Available data »
⟨
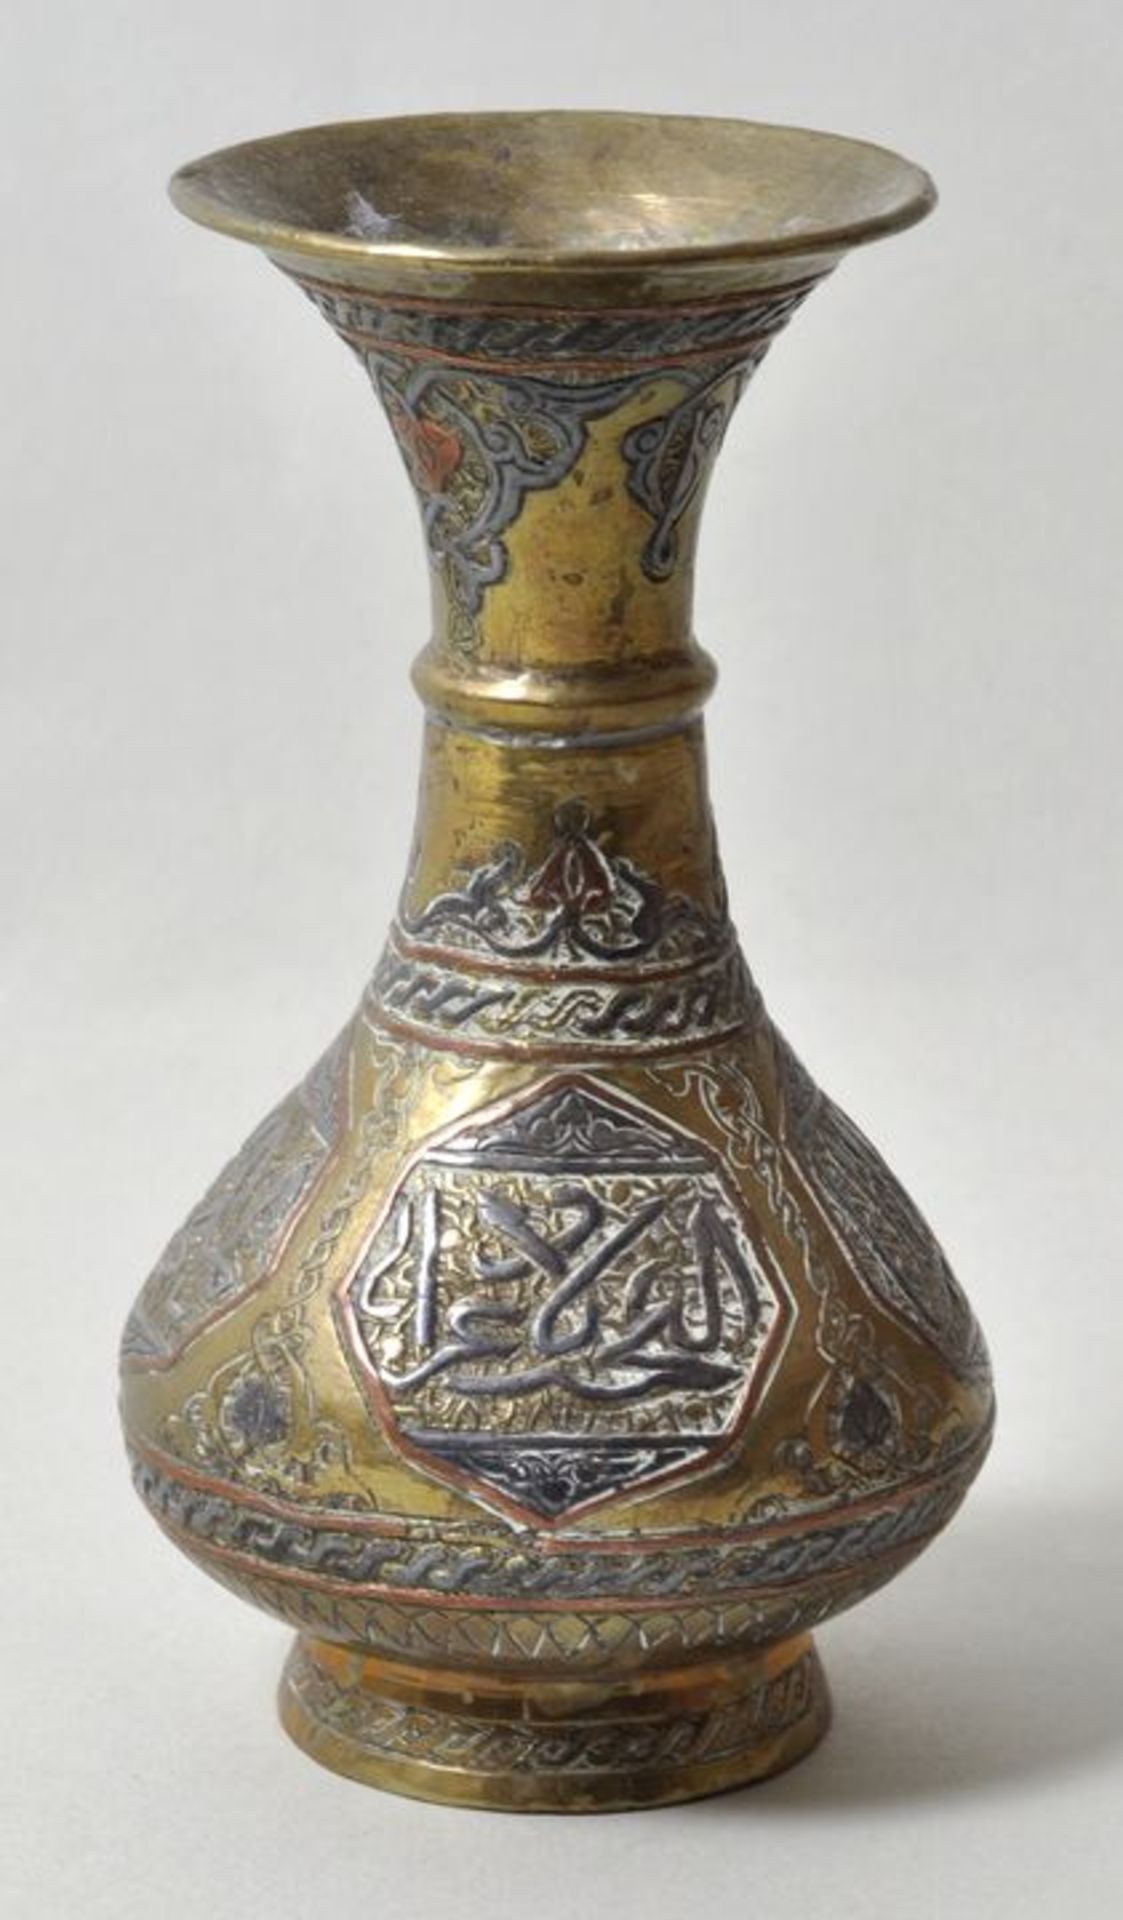 Persien. Kleine Vase.Messing, ornamental verziert, partiell farbig gefasst. Wohl 20. Jh. H. 13 cm.
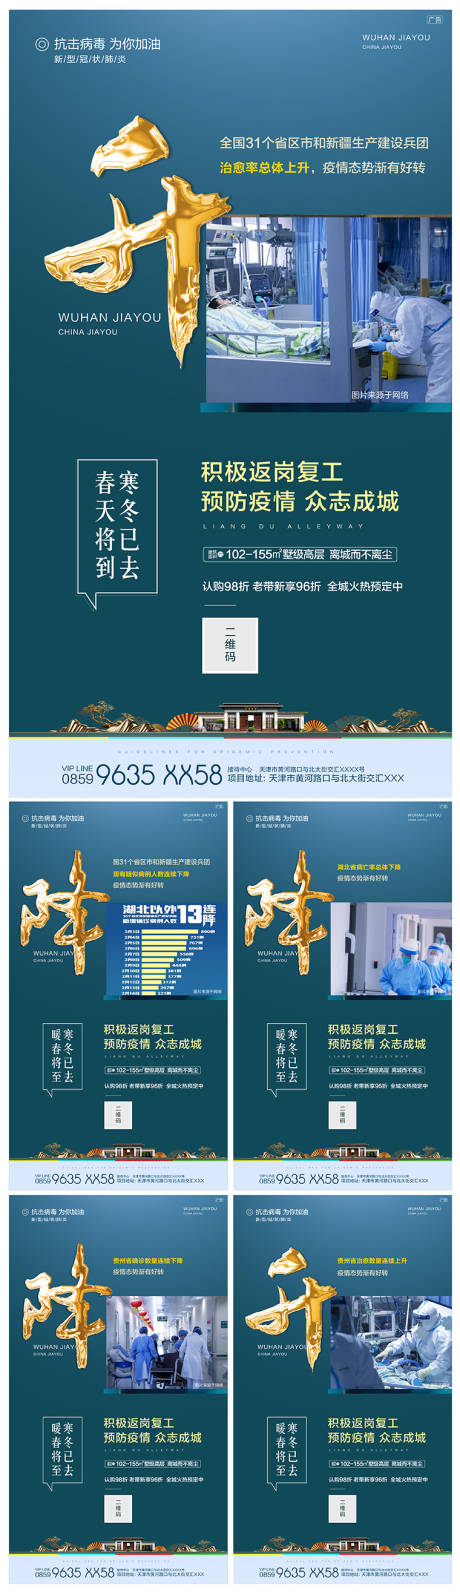 武汉加油房地产防疫移动端海报系列
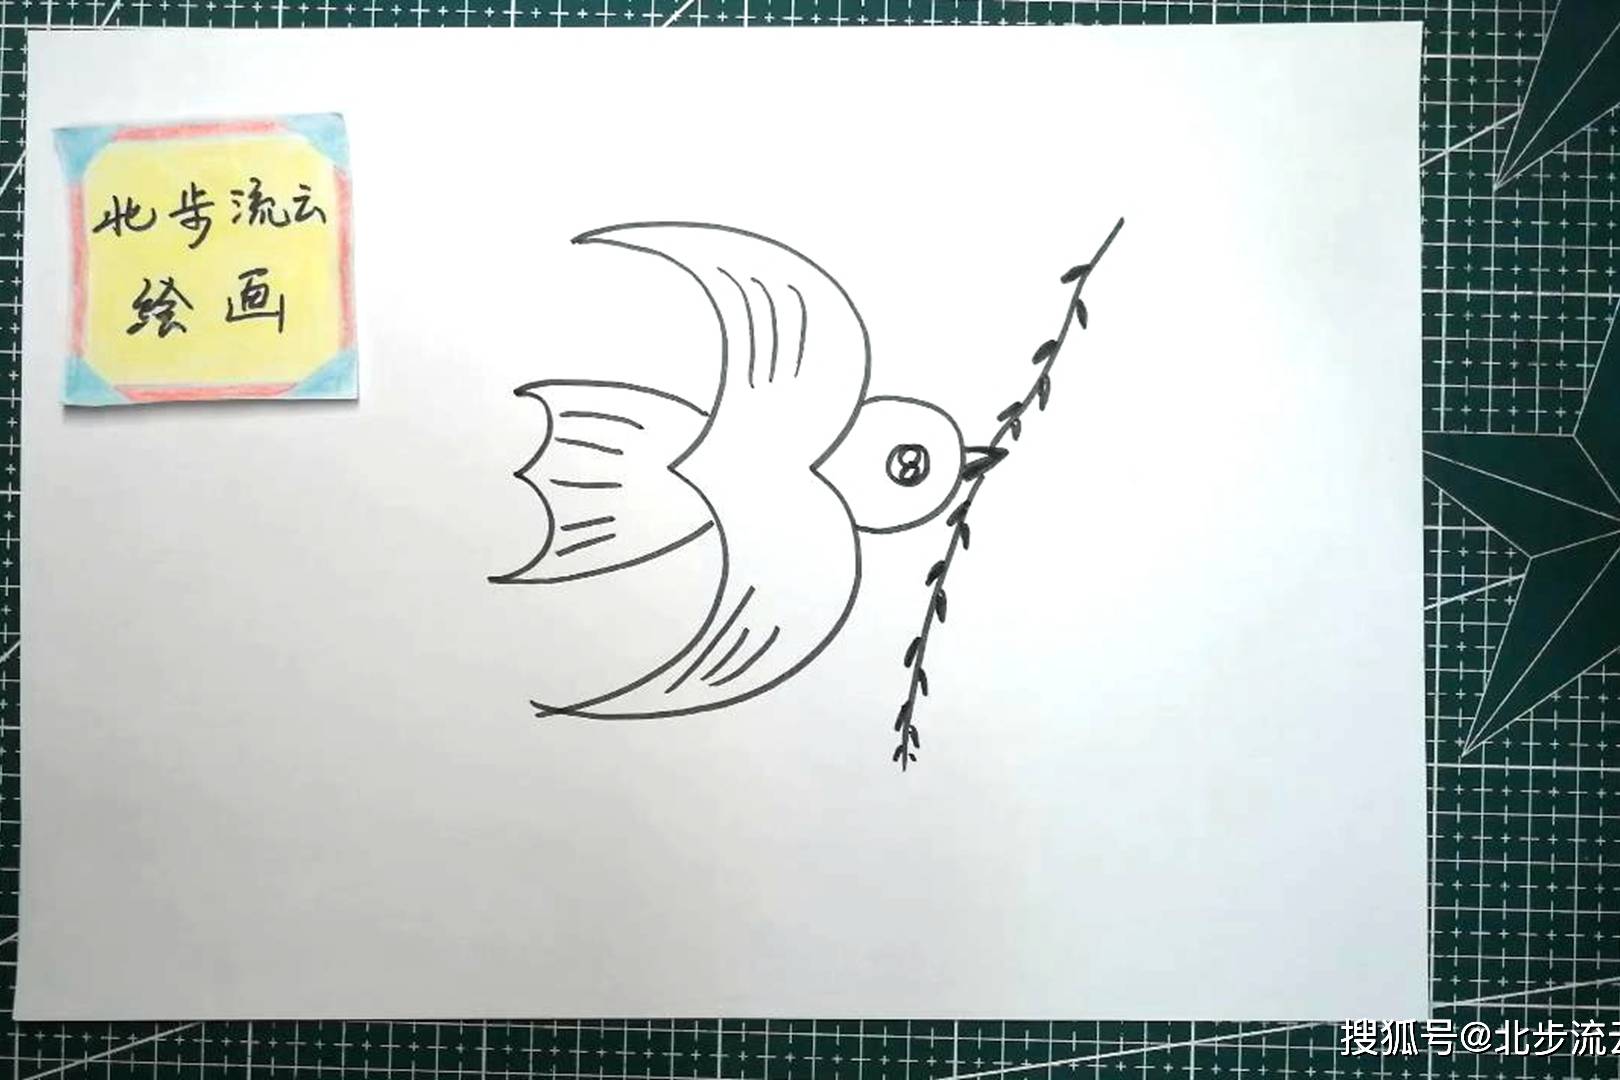 用三个3画一只可爱的燕子简笔画适合孩子画画
⟩
How to complete this task »
Since the pictures are not wanted, transcribe only the rest of the material above, exactly as it stands.

Solution »
 Persien. Kleine Vase.Messing, ornamental verziert, partiell farbig gefasst. Wohl 20. Jh. H. 13 cm.
 武汉加油房地产防疫移动端海报系列
 用三个3画一只可爱的燕子简笔画适合孩子画画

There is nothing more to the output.